Furthermore, these blockchains all specialize in specific capabilities for different use cases, each one making different tradeoffs for what they want to achieve. But in a blockchain-based future, these blockchains need a way to connect to each other.

Polkadot aims to solve the issues that existing blockchains have by offering heterogeneous sharding, forkless upgradeability, transparent on-chain governance, and cross-chain communication. This design allows several specialized chains, called parachains, to come together in a single network to process transactions in parallel with a pooled security model. Each chain can thus be built to fit its own use case while gaining all the capabilities that Polkadot offers.

The DOT Token

The DOT token will be the native token of the Polkadot platform, used to enact key functionalities provided by the protocol. Specifically, the DOT token will serve three distinct and crucial purposes:

Governance

DOT token holders will have complete control over the Polkadot protocol and have the ability to participate in the decision-making process for all changes. In contrast to other blockchains where the miners control the chain, DOT token holders will be given control of the Polkadot relay chain that connects all the different blockchains together. DOT holders will also be able to manage protocol upgrades and fixes.
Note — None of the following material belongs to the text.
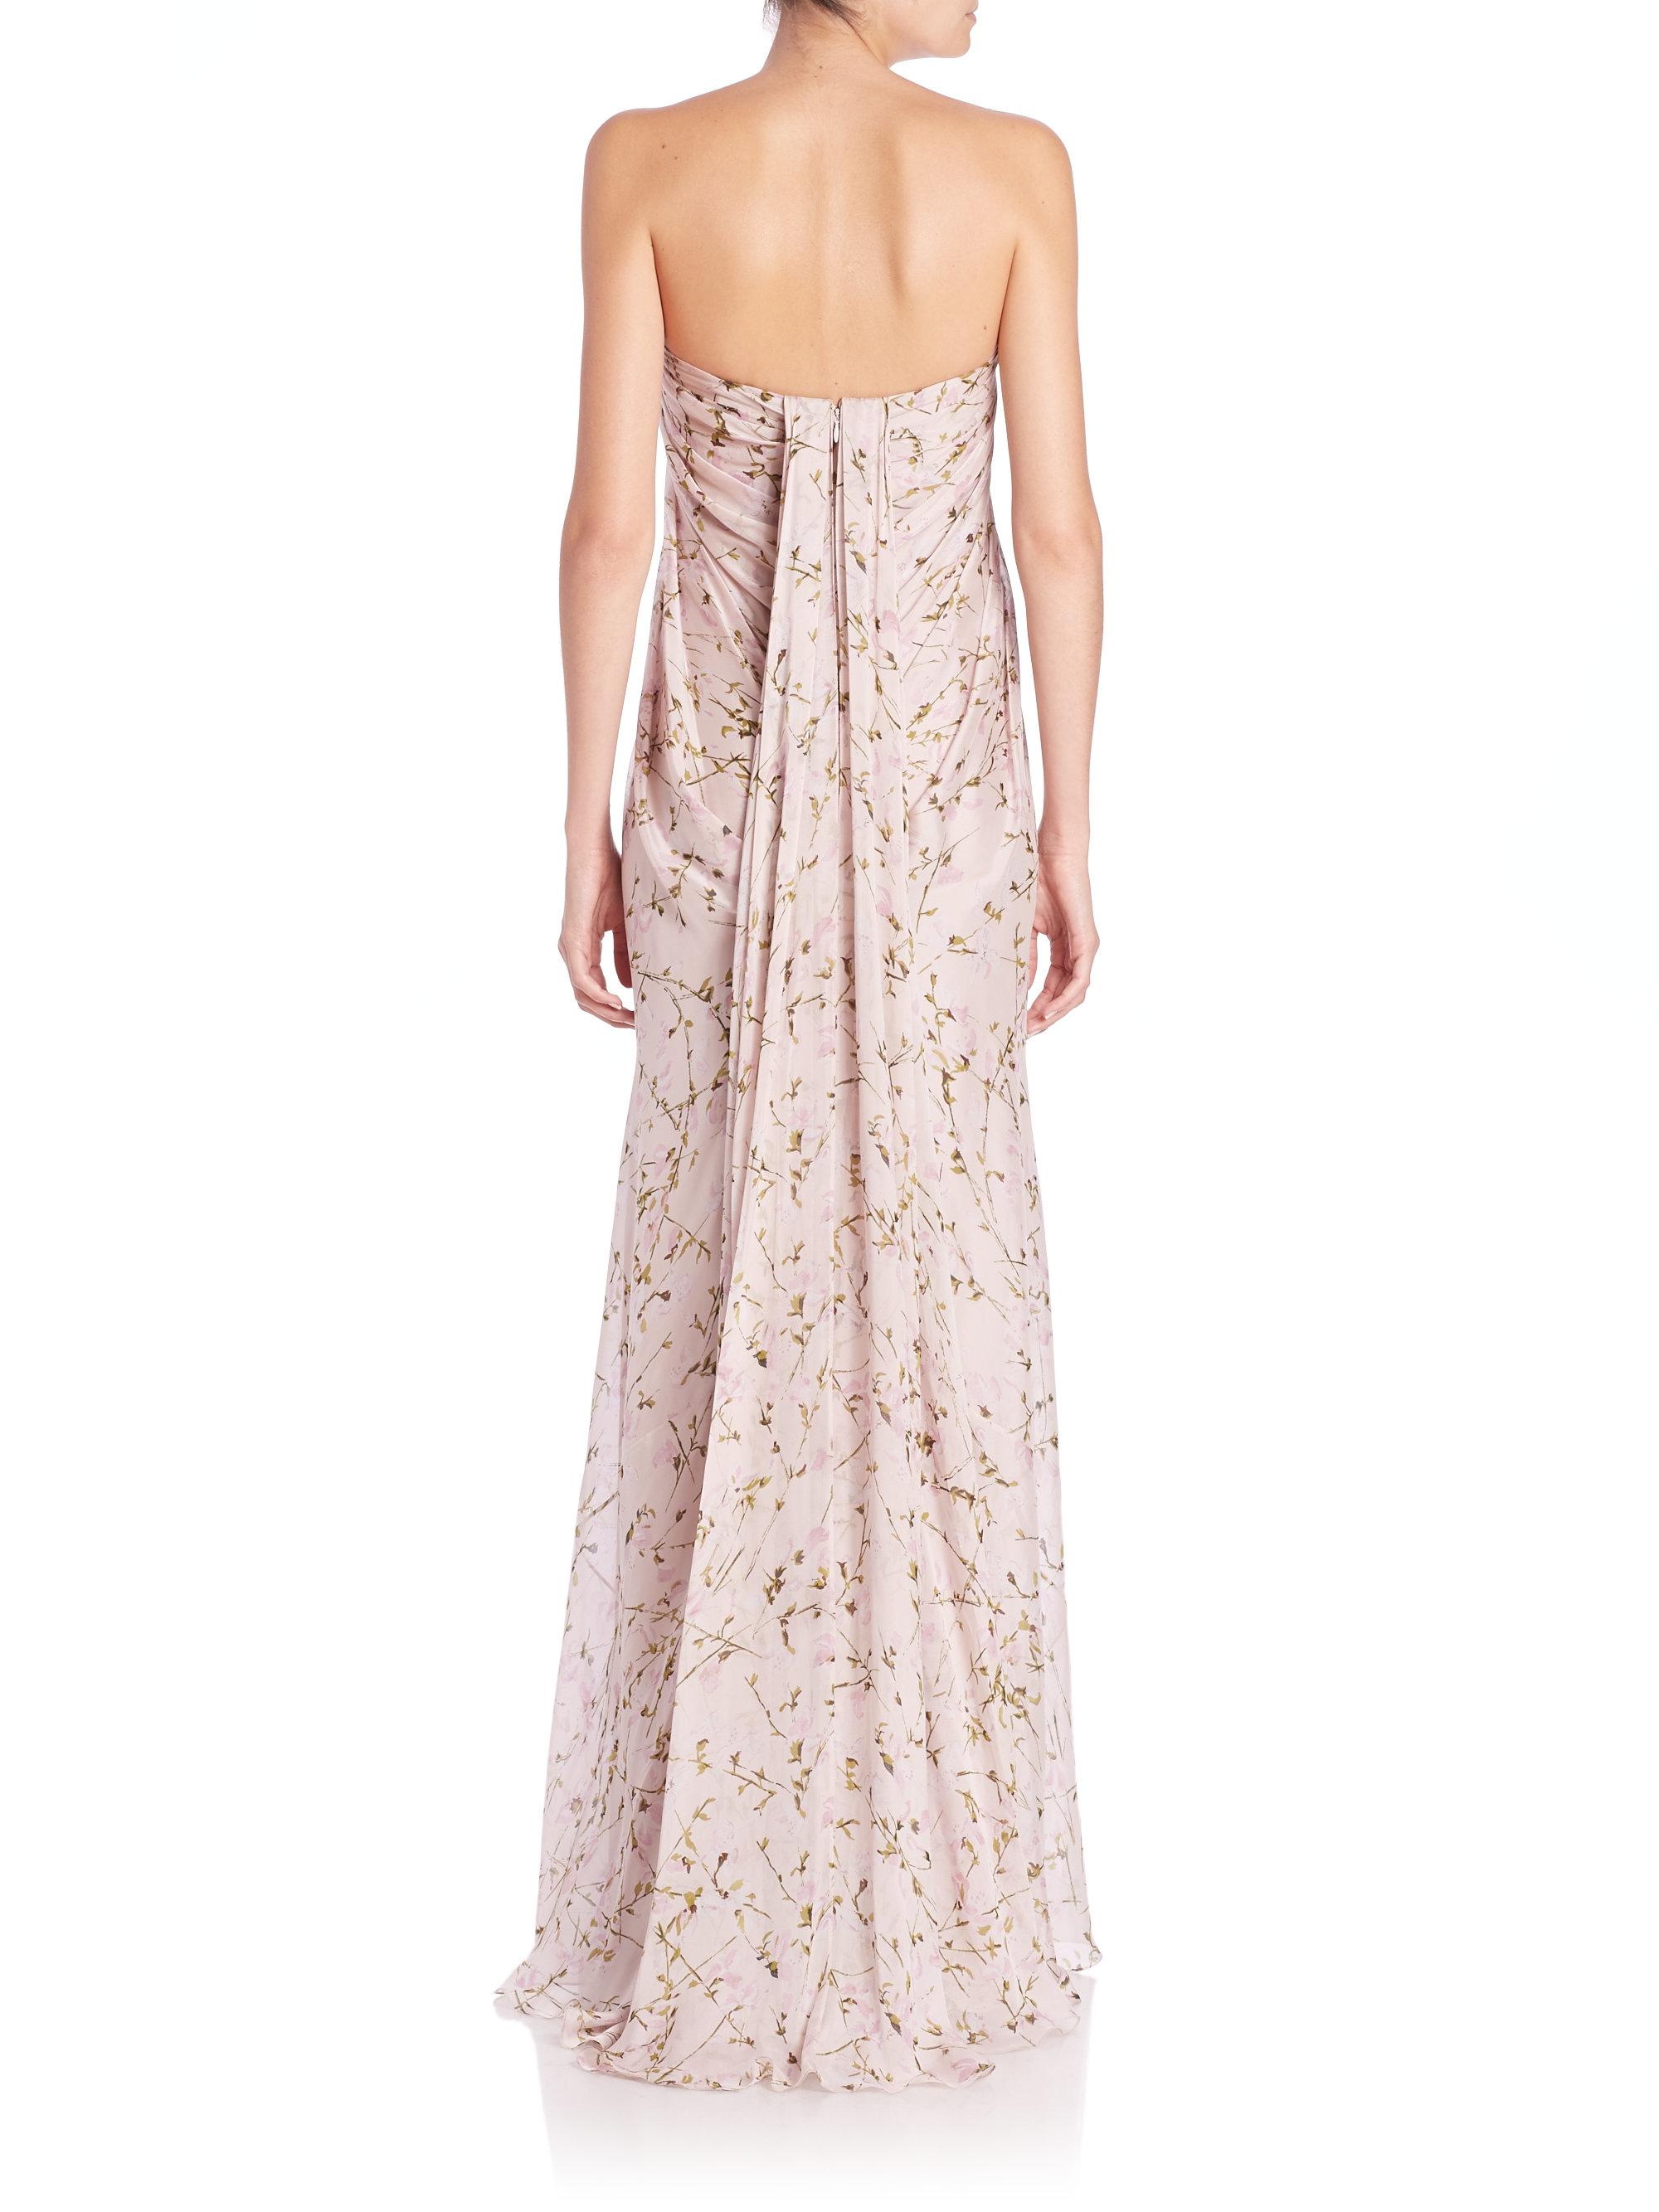 Lyst - Alexander Mcqueen Strapless Silk Chiffon Sweetpea Gown in Pink

The DOT token also affords holders the ability to determine the network fees, auction dynamics, and parachain addition schedule. All these governance functions are built into the code of the protocol, automatically enabling these capabilities for any DOT holder.

DOT holders can also be elected as council members to represent passive stakeholders in two key governance roles. The first is proposing referenda and the second is vetoing potentially dangerous or malicious referenda. These council members work with the technical committee which is made up of teams actively building Polkadot, with the ability to propose emergency referenda for fast-tracking the voting and implementation of urgent updates.

Consensus

The second functionality of holding DOTs is to help facilitate the underlying consensus mechanism (GRANDPA) of the protocol. DOT holders play an active role in helping relay transactions across the parachains by bonding their tokens to perform these actions. This acts as an incentive mechanism that disincentivizes malicious behaviour and incentivizes active and good-faith participation.

Moreover, new parachains will be added through the act of bonding tokens. And outdated parachains can be removed by removing bonded tokens, creating a form of proof of stake.

Holders of DOTs can act as a validator, collator, nominator, or fisherman. Validators secure the relay chain by bonding their DOTs, validating proofs from collators, and participating in consensus with other validators. Nominators select the validators, and collators maintain each shard chain by collecting shard transactions from users and producing proofs for validators. Meanwhile, fishermen monitor the network and report bad behavior to the validators.

Messaging

The third and final function of DOTs is a medium of exchange so that validators can be paid to ferry messages across the parachains. With a market mechanism in place, users will pay fees to have their message be relayed between nodes on the network and included on the relay chain.

Token Distribution

Polkadot anticipates ten million DOTs will be part of the genesis block planned for mid-2020. Five million of these DOTs were sold in Autumn of 2017 and of the remaining five million DOTs, two million will be sold or distributed before genesis. And the last three million DOTs will be given to the Web3 Foundation.

Conclusion

Polkadot is a next-generation sharded blockchain platform connecting unique blockchains with one another with the ability to scale them through decentralized proof-of-stake consensus. They plan on launching later this year with one relay chain and several parachains with the goal of getting to 100 parachains soon after.